Of the 21 runs the Sox gave up in those games, Danks was only responsible for 11 of them, meaning that he still beats the scoring curve by a run.

Offense and relief lost those games for him. Given his overall W-L last year, (12-9), if you chalk him up those six wins and take away six losses, his totals become 18-3. It doesn't sound too far off now, does it?

Give Danks a chance to be a big game pitcher for the Sox again this year, and to do big things for the South Siders for at least a few years to come.

 

Bartolo Colon

Original "Prediction": 12 Wins, 13 Losses.

Real Prediction: 7 Wins, 9 Losses.

Because of an injury slowed start to his season, it would be prudent to imagine that Colon won't be making all of his starts this year. This isn't all bad, as whoever doesn't win the fifth spot in the rotation could likely be called up to fill in for him, or even take over the spot, if Colon gets injured again.

However, as much as I hate to see a losing record in a starting rotation, it's going to happen, and this is one area where I see it happening for the Sox this year.

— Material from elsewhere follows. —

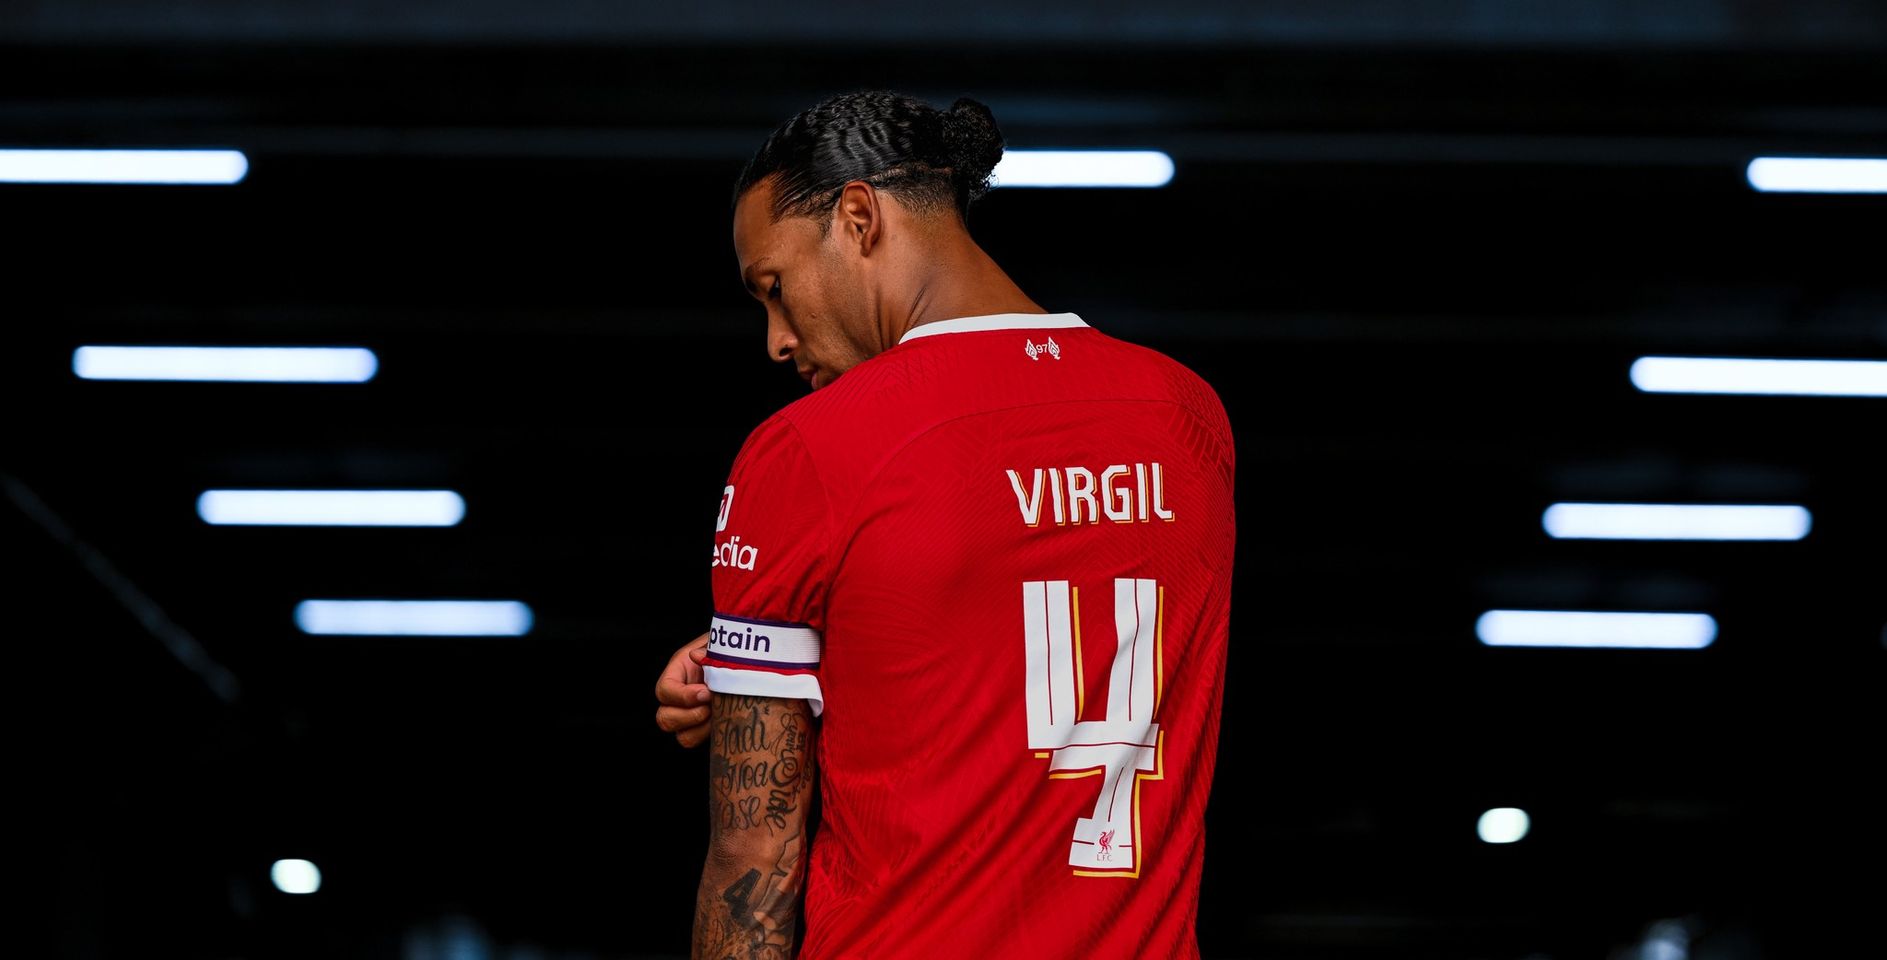 Captain Brick wall: Virgil van Dijk reacts to being Liverpool captain
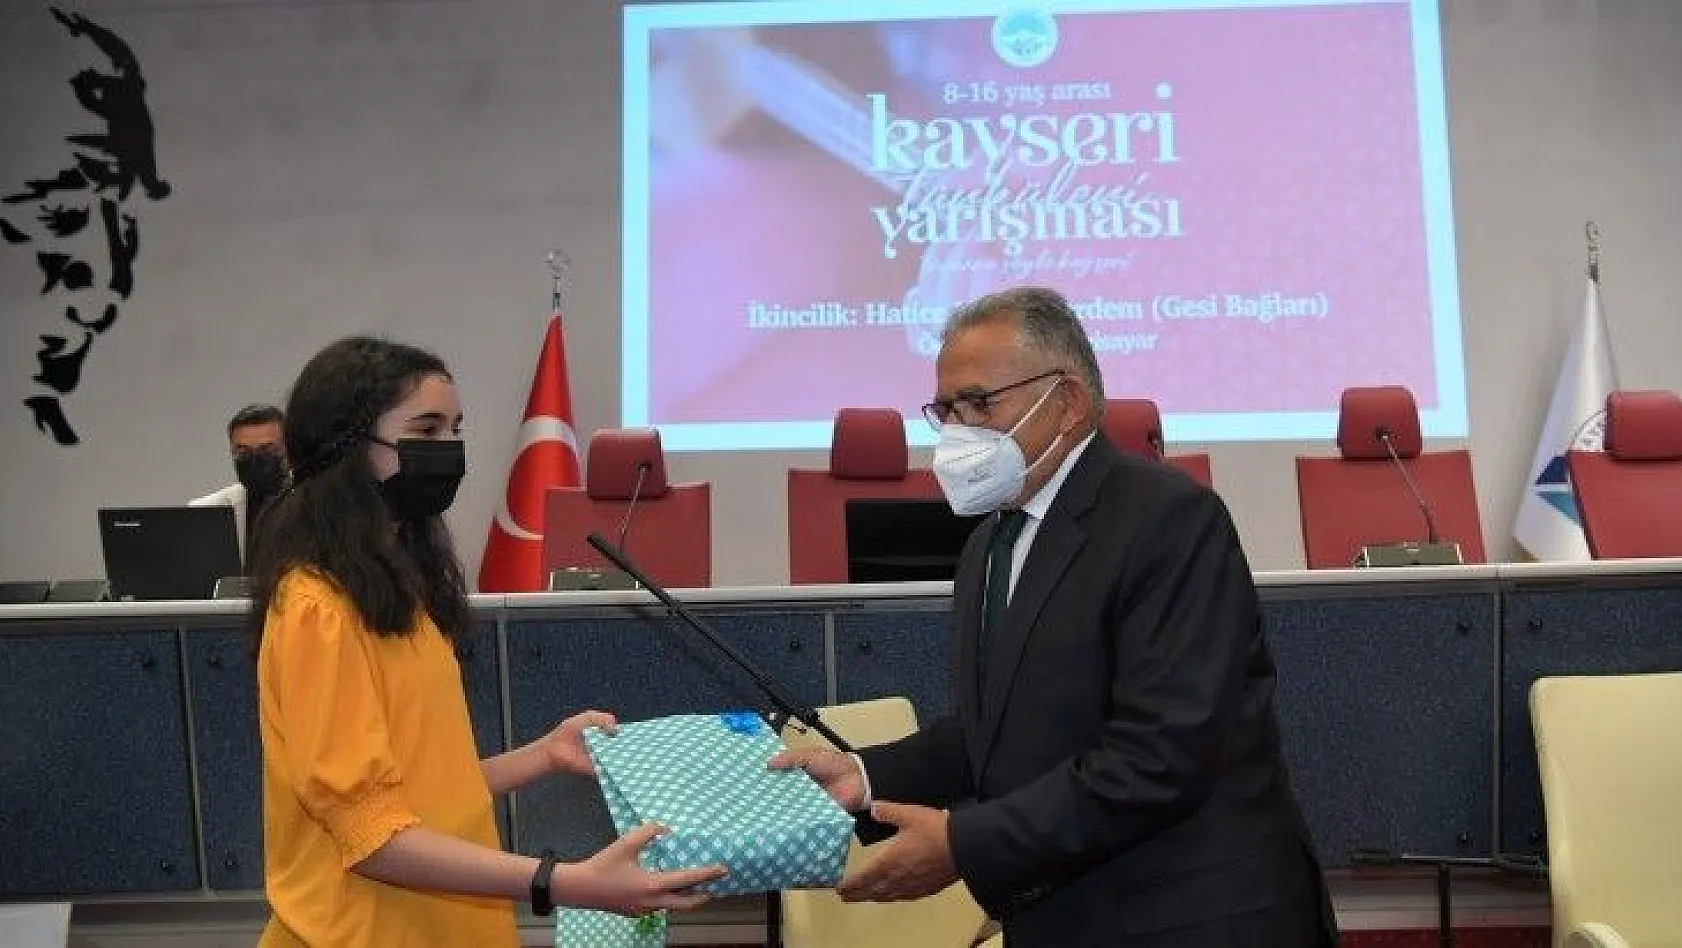 Büyükkılıç, Kayseri Türkileri Yarışması Ödül Törenine Katıldı

I'm not sure Colon can regain the needed endurance to pitch a whole season, or pick up that many decisions this year.

Time will tell, and we may be pleasantly surprised, but for now, don't go too crazy over it.

 

Jeff Marquez/Clayton Richard/Lance Broadway/Jose Contreras

Original " Prediction": 6 Wins, 9 Losses for the first half, 5 Wins, 3 Losses for Jose.

Real Prediction: A combined 8 Wins and 10 Losses.

This prediction doesn't reflect, in any way whatsoever, that I think any of these pitchers are necessarily bad pitchers.

However, we don't yet know how Marquez will handle The Cell, Clayton Richard didn't have a good enough season last year to inspire too much hope, and Lance Broadway seems to handle the Royals, but doesn't do too well with anyone else.

Look for these three to battle it out for the first half of the year, and when Jose returns, look for him to be back in decent shape, to at least notch up a few wins for the fifth spot in the rotation.

Overall Rotation Record: 60-41.

It's not too crazy to expect 101 decisions out of the White Sox starting rotation this year. It might be kind of crazy to expect them to win 80 or more of those decisions, though.

The bullpen looks like it's going to bring back some proven veterans, as well as work in a few new cogs to keep the relief in Chicago a well-oiled machine, and hopefully, it can pick up as many wins as possible with the remaining 61 decisions.

But that's another story, for a whole other article.